In PHP, functions and method calls are split into two large bins: internal functions—provided by the PHP runtime and extensions primarily written in C—and userland functions that are written in PHP. Up to this point, there's actually be a very large disparity between how they handle function parameters. For userland functions, there is partial type-hinting, but only for certain non-scalar types: arrays, objects, and callables. If you wanted to ensure that a parameter receives a specific scalar type (i.e., an integer, boolean, string, or float), you had to resort to something like the following:

function foo($bar) {
    if (!is_int($bar)) {
        throw new \InvalidArgumentException('$bar must be an integer.');
    }

    return $bar * 2;
}

Alternatively, you could do:

function foo($bar) {
    $baz = (int) $bar;

    return $baz * 2;
}

Neither of these are ideal because now the caller has to understand the internal workings of the function instead of coding to the contract (i.e. the function signature) and the program will either break (in the case of the first example) or lead to silent data loss (in the case of the second example) if the caller doesn't pass parameters exactly as the function is implemented. This has disastrous implications when used in methods that implement an interface: one implementation could include the is_int() check or the (int) cast while another doesn't, leading to a violation of the Liskov Substitution Principle.

On the other hand, internal functions actually have type hinting built in. If you ever looked at the PHP manual, you'll notice this type hints in the description of a function or method. For example, here's substr():

string substr ( string $string , int $start [, int $length ] )

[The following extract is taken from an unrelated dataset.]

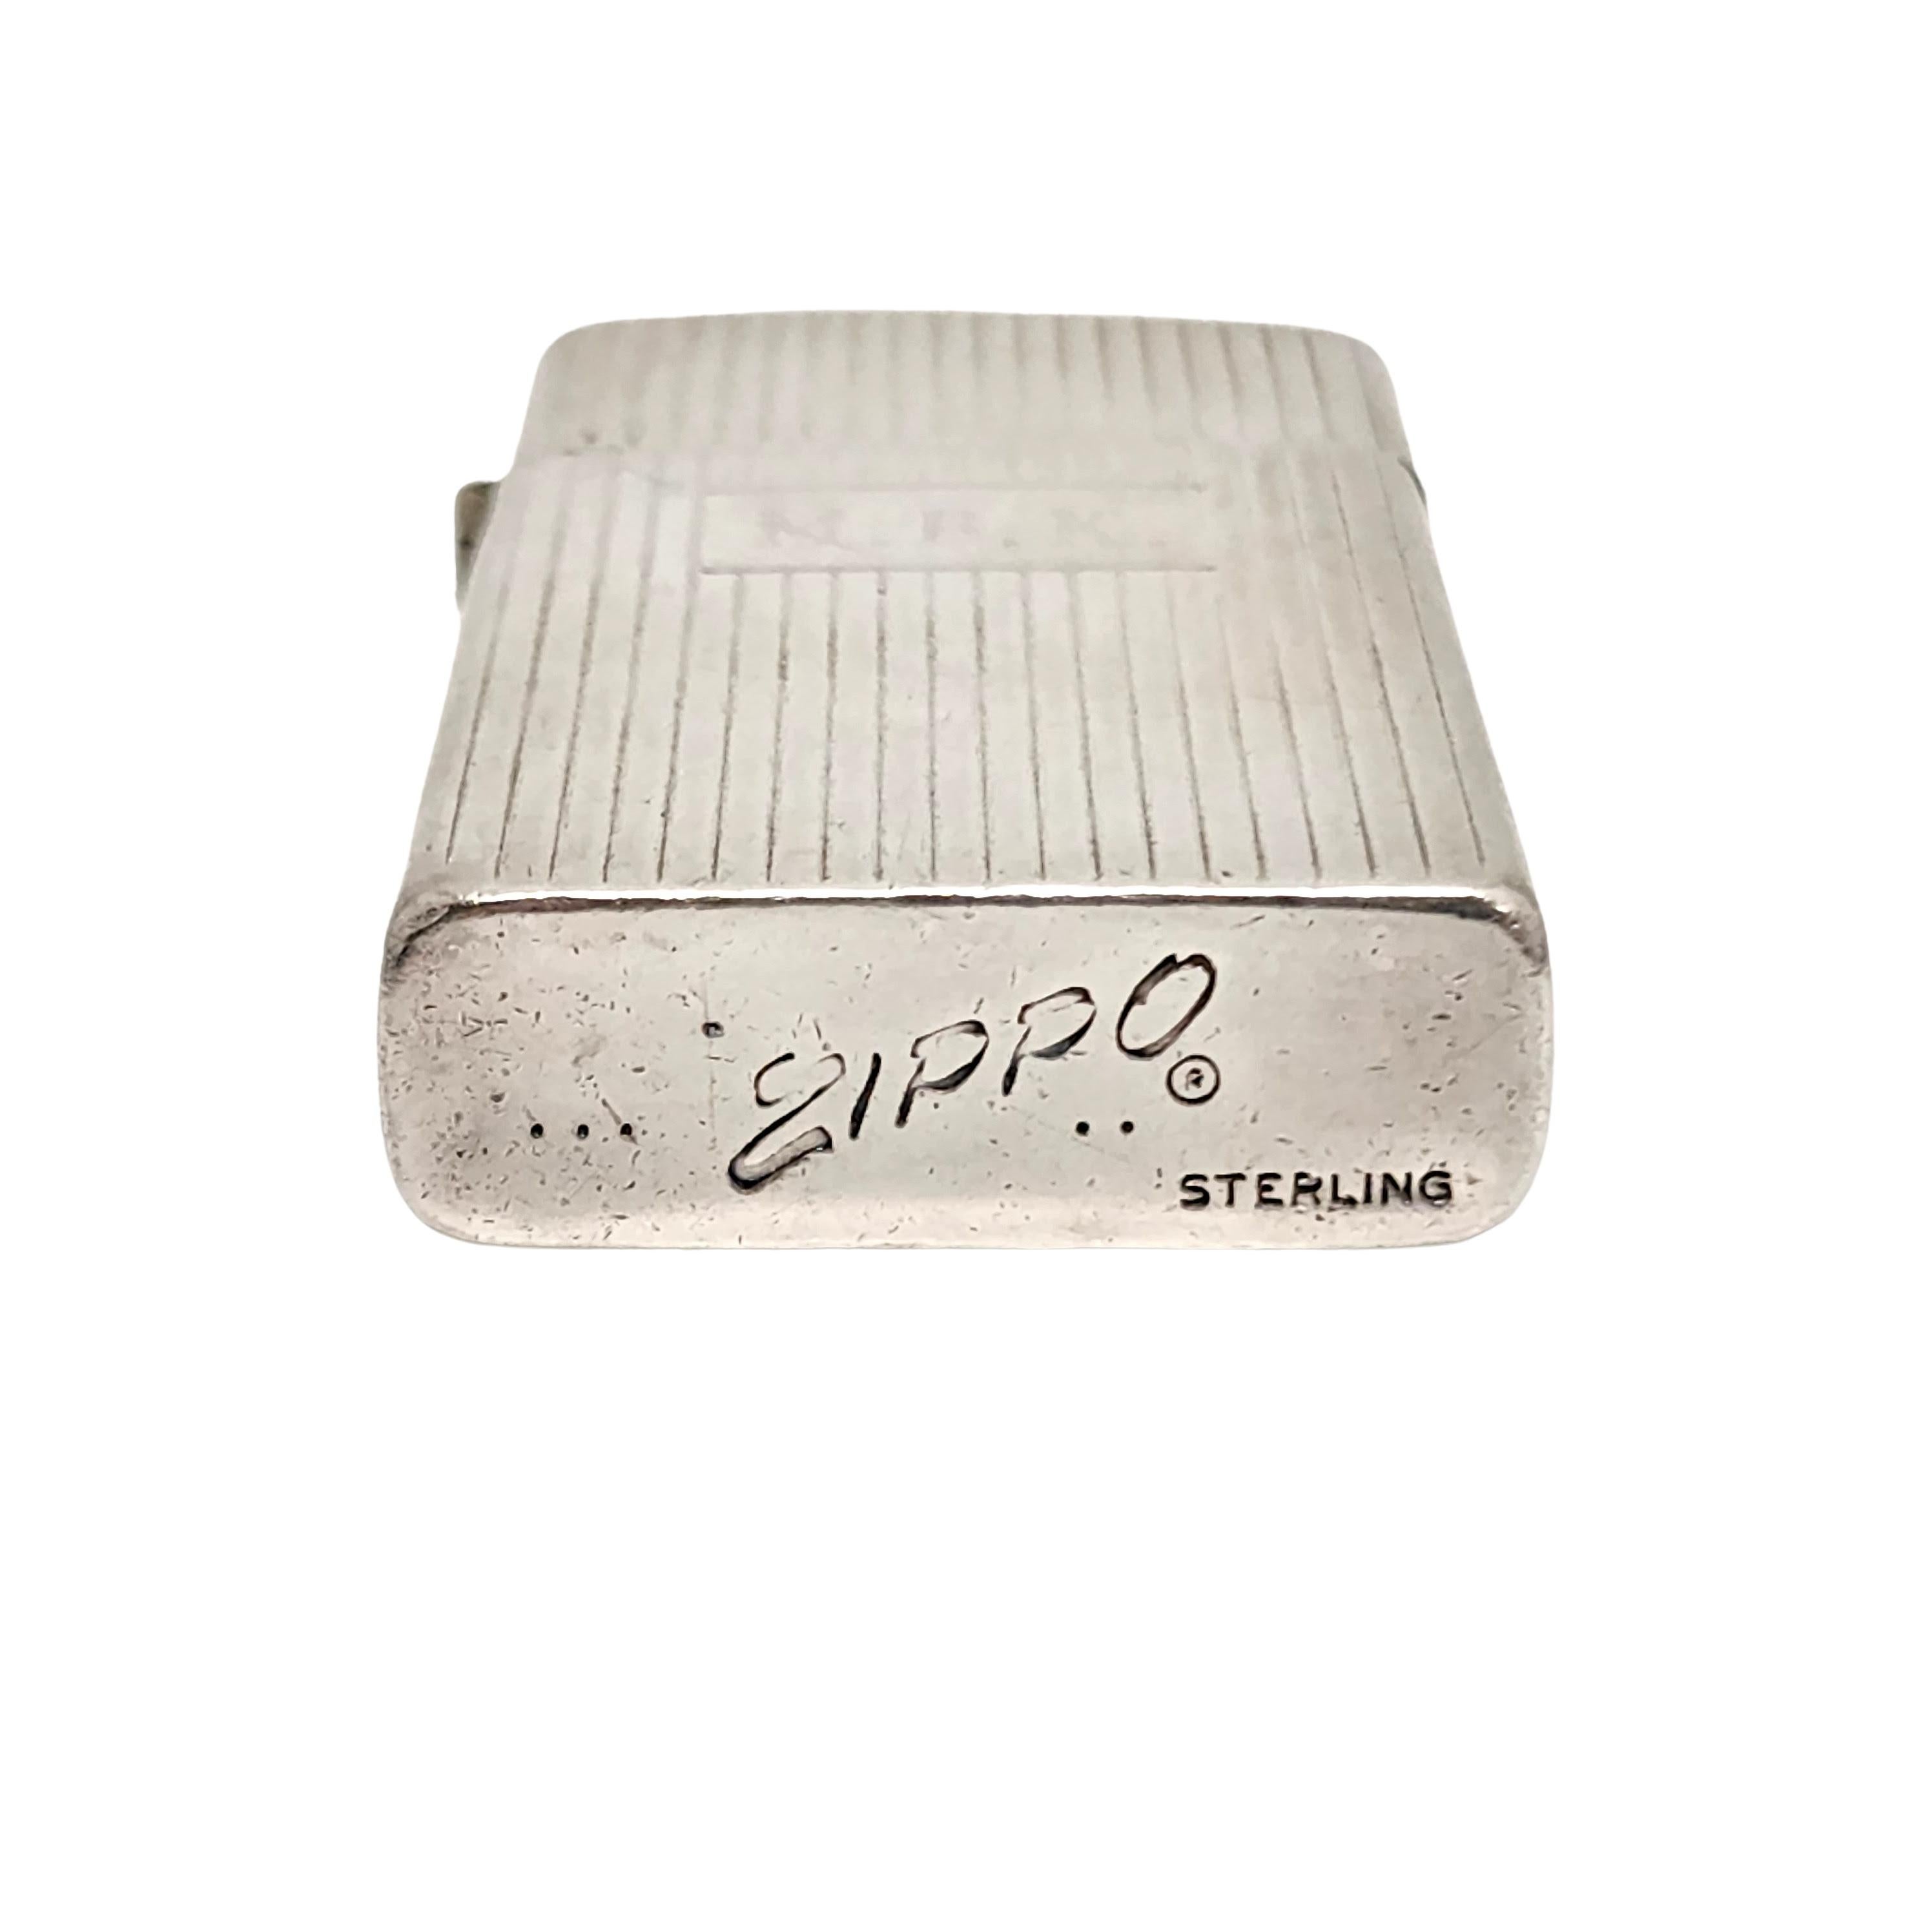 Zippo Sterling Silver Engine Turned Slim Lighter Case Holder w/ Monogram #13040 For Sale 2
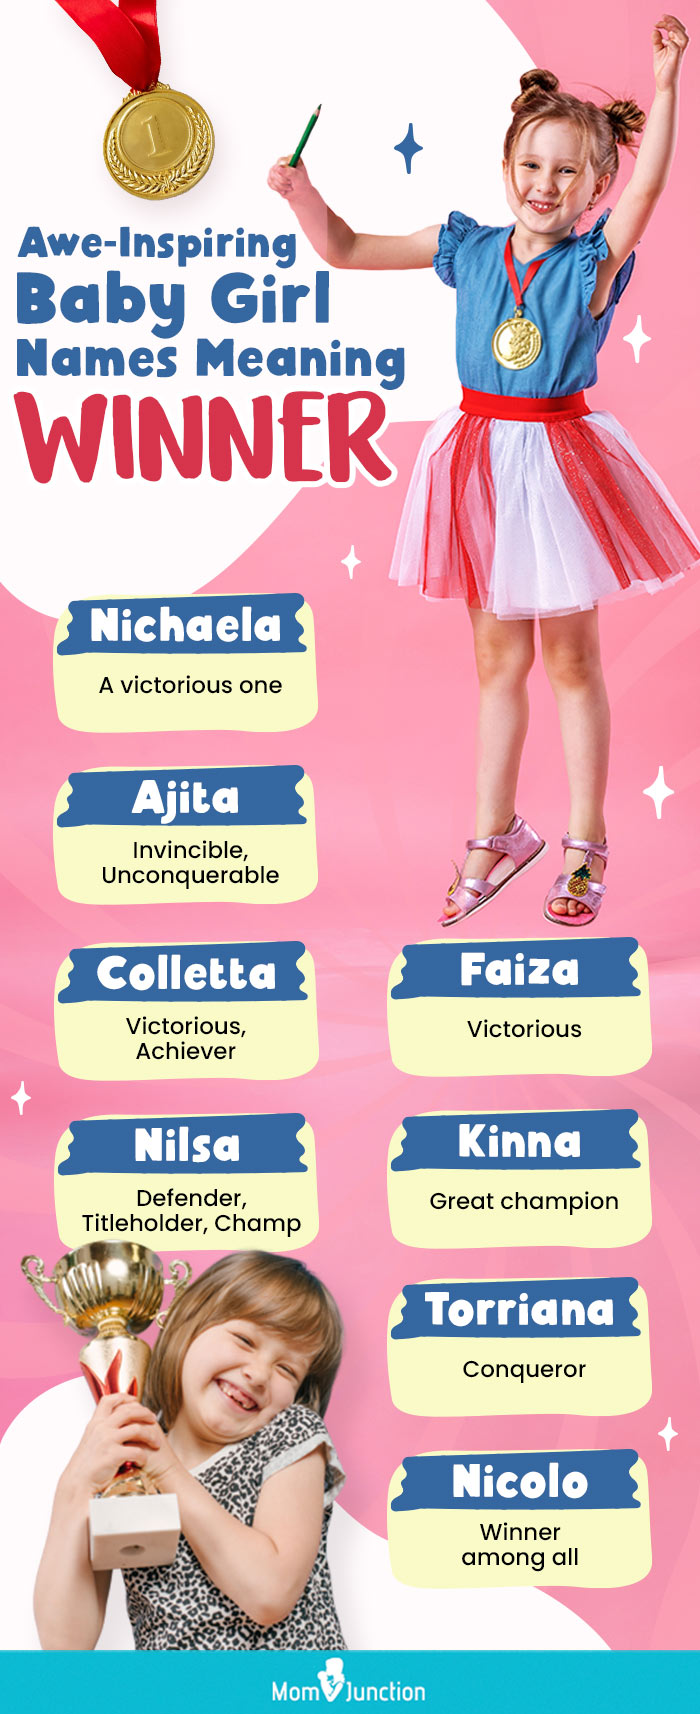 awe inspiring baby girl names meaning winner (infographic)

This isn't just for documentation: internally, substr() expects a string for the first parameter, an int for the second, and an int for the optional third parameter. But because PHP's a weakly-typed language, internal functions generally don't break if you don't pass exactly what they're looking for. For example, if you passed '1' to the second parameter of substr(), internally, that value will be cast to an integer and will be treated as the integer 1.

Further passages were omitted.